Across the whole listing, return each line exactly, with no images included.

[SUPPLIED MATERIAL Boundary: Start]

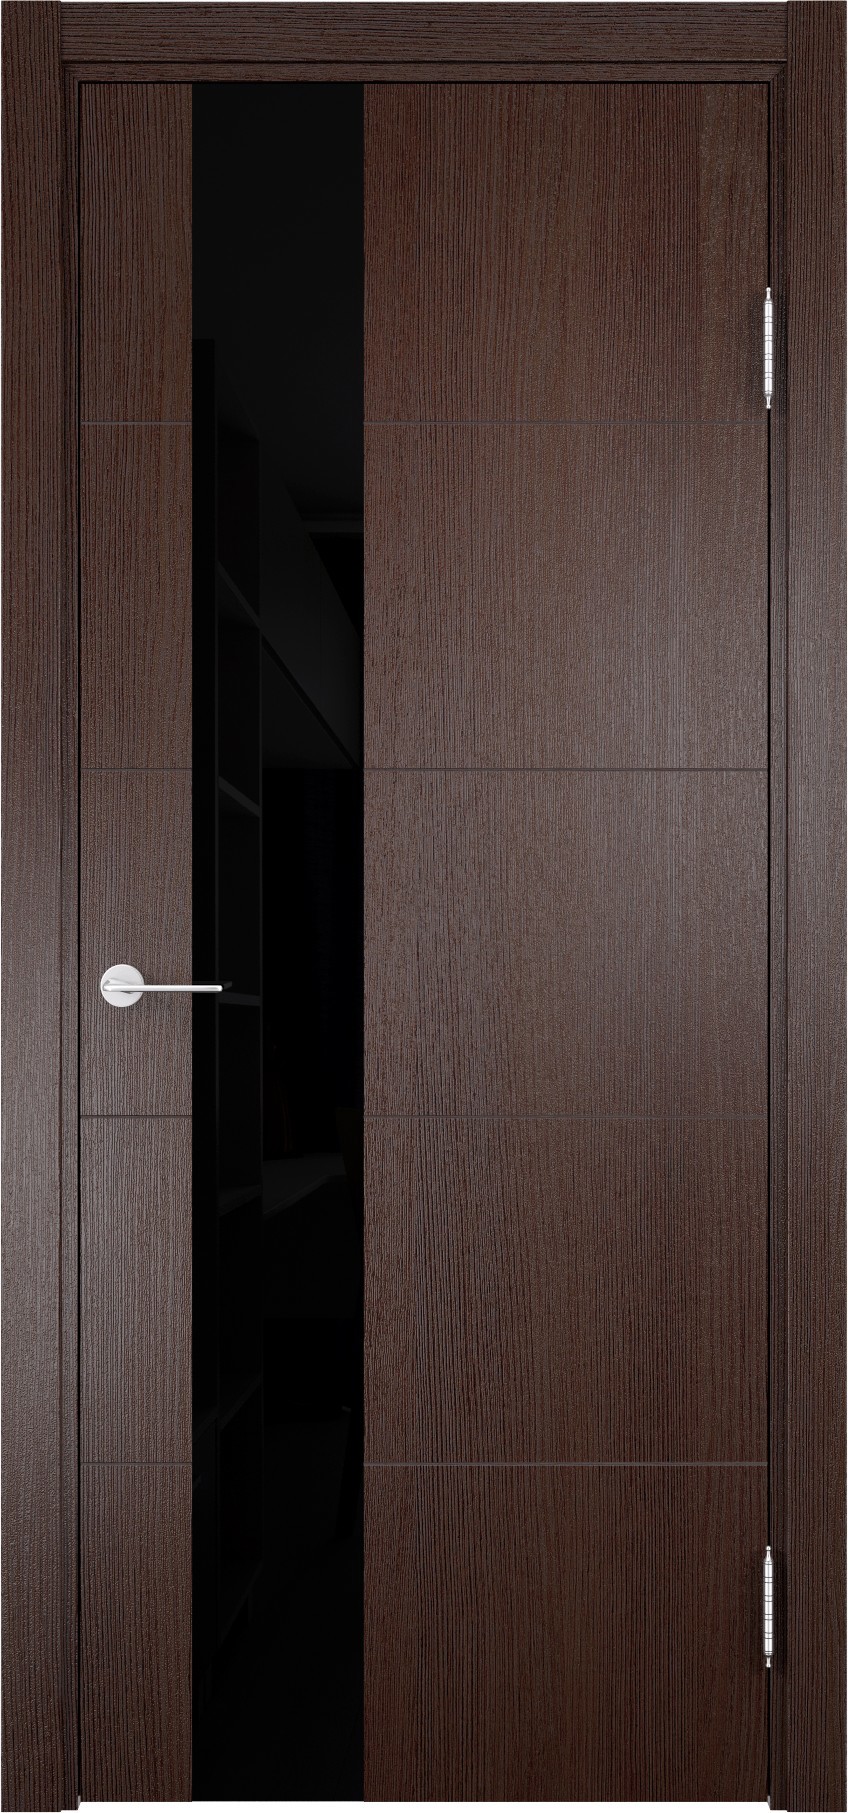 93718176 Дверь межкомнатная Турин (13) остекленная полипропилен цвет дуб графит вералинга 200 x 60 см STLM-0554450 CASAPORTE
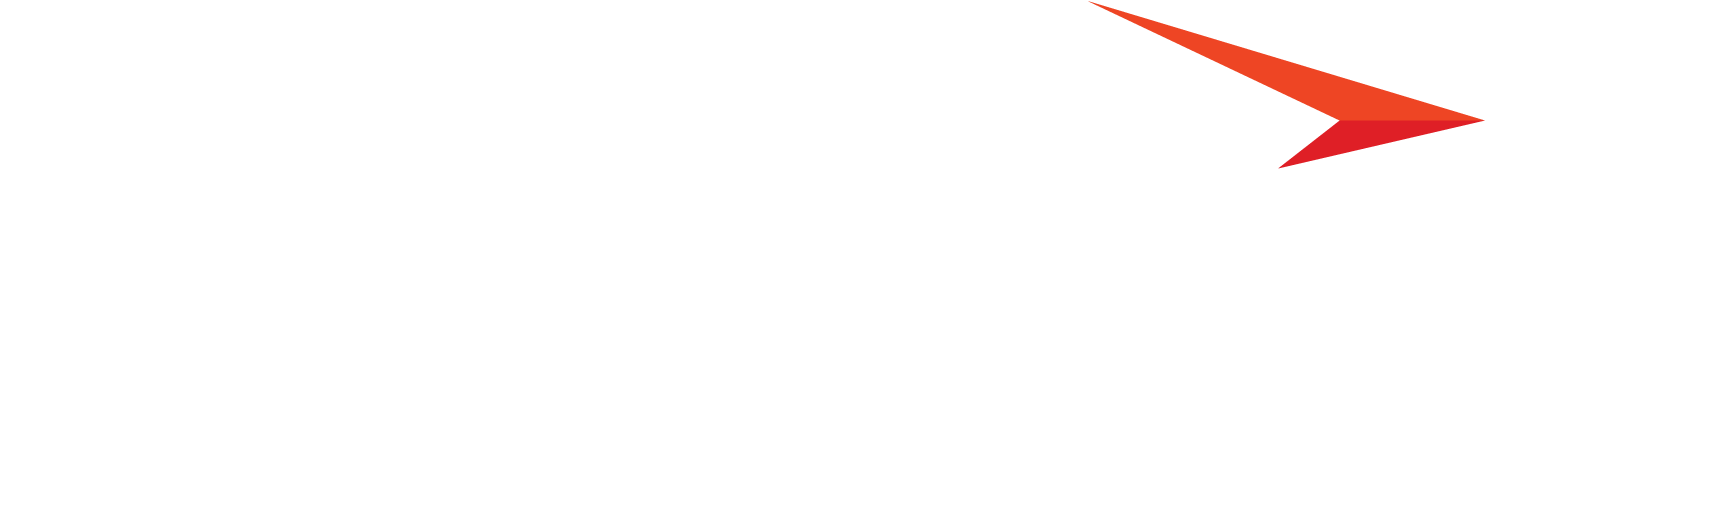 creatio logo white
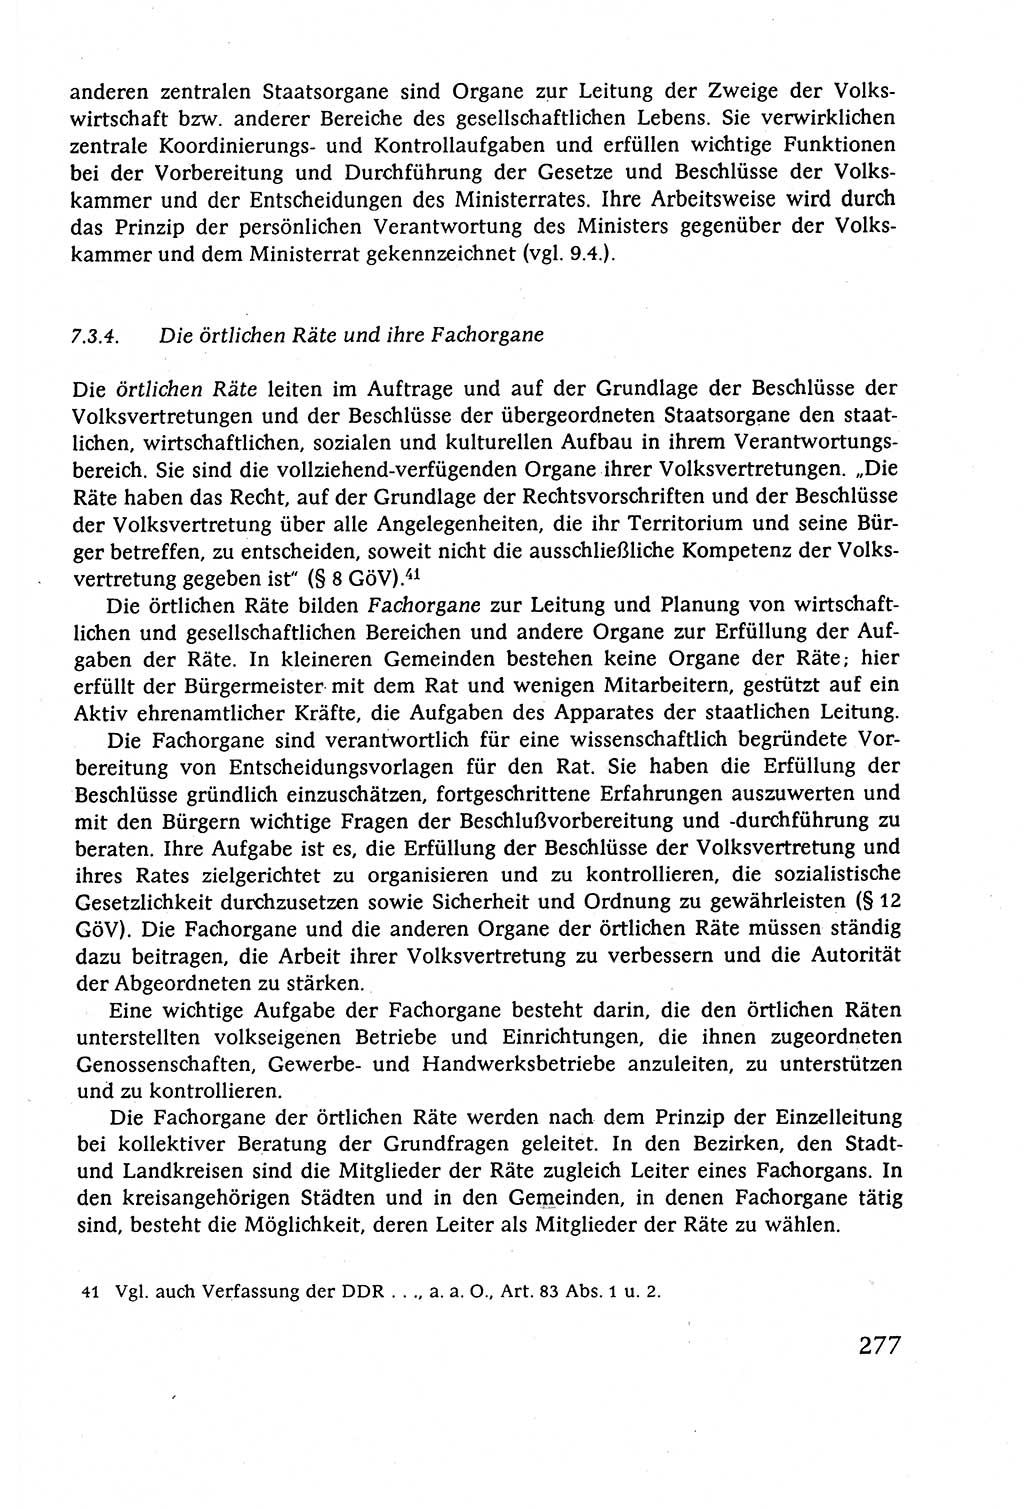 Staatsrecht der DDR (Deutsche Demokratische Republik), Lehrbuch 1977, Seite 277 (St.-R. DDR Lb. 1977, S. 277)

[SUPPLIED MATERIAL Boundary: End]

■ RESPONSE BOX ■
 93718176 Дверь межкомнатная Турин (13) остекленная полипропилен цвет дуб графит вералинга 200 x 60 см STLM-0554450 CASAPORTE
 creatio logo white
 Staatsrecht der DDR (Deutsche Demokratische Republik), Lehrbuch 1977, Seite 277 (St.-R. DDR Lb. 1977, S. 277)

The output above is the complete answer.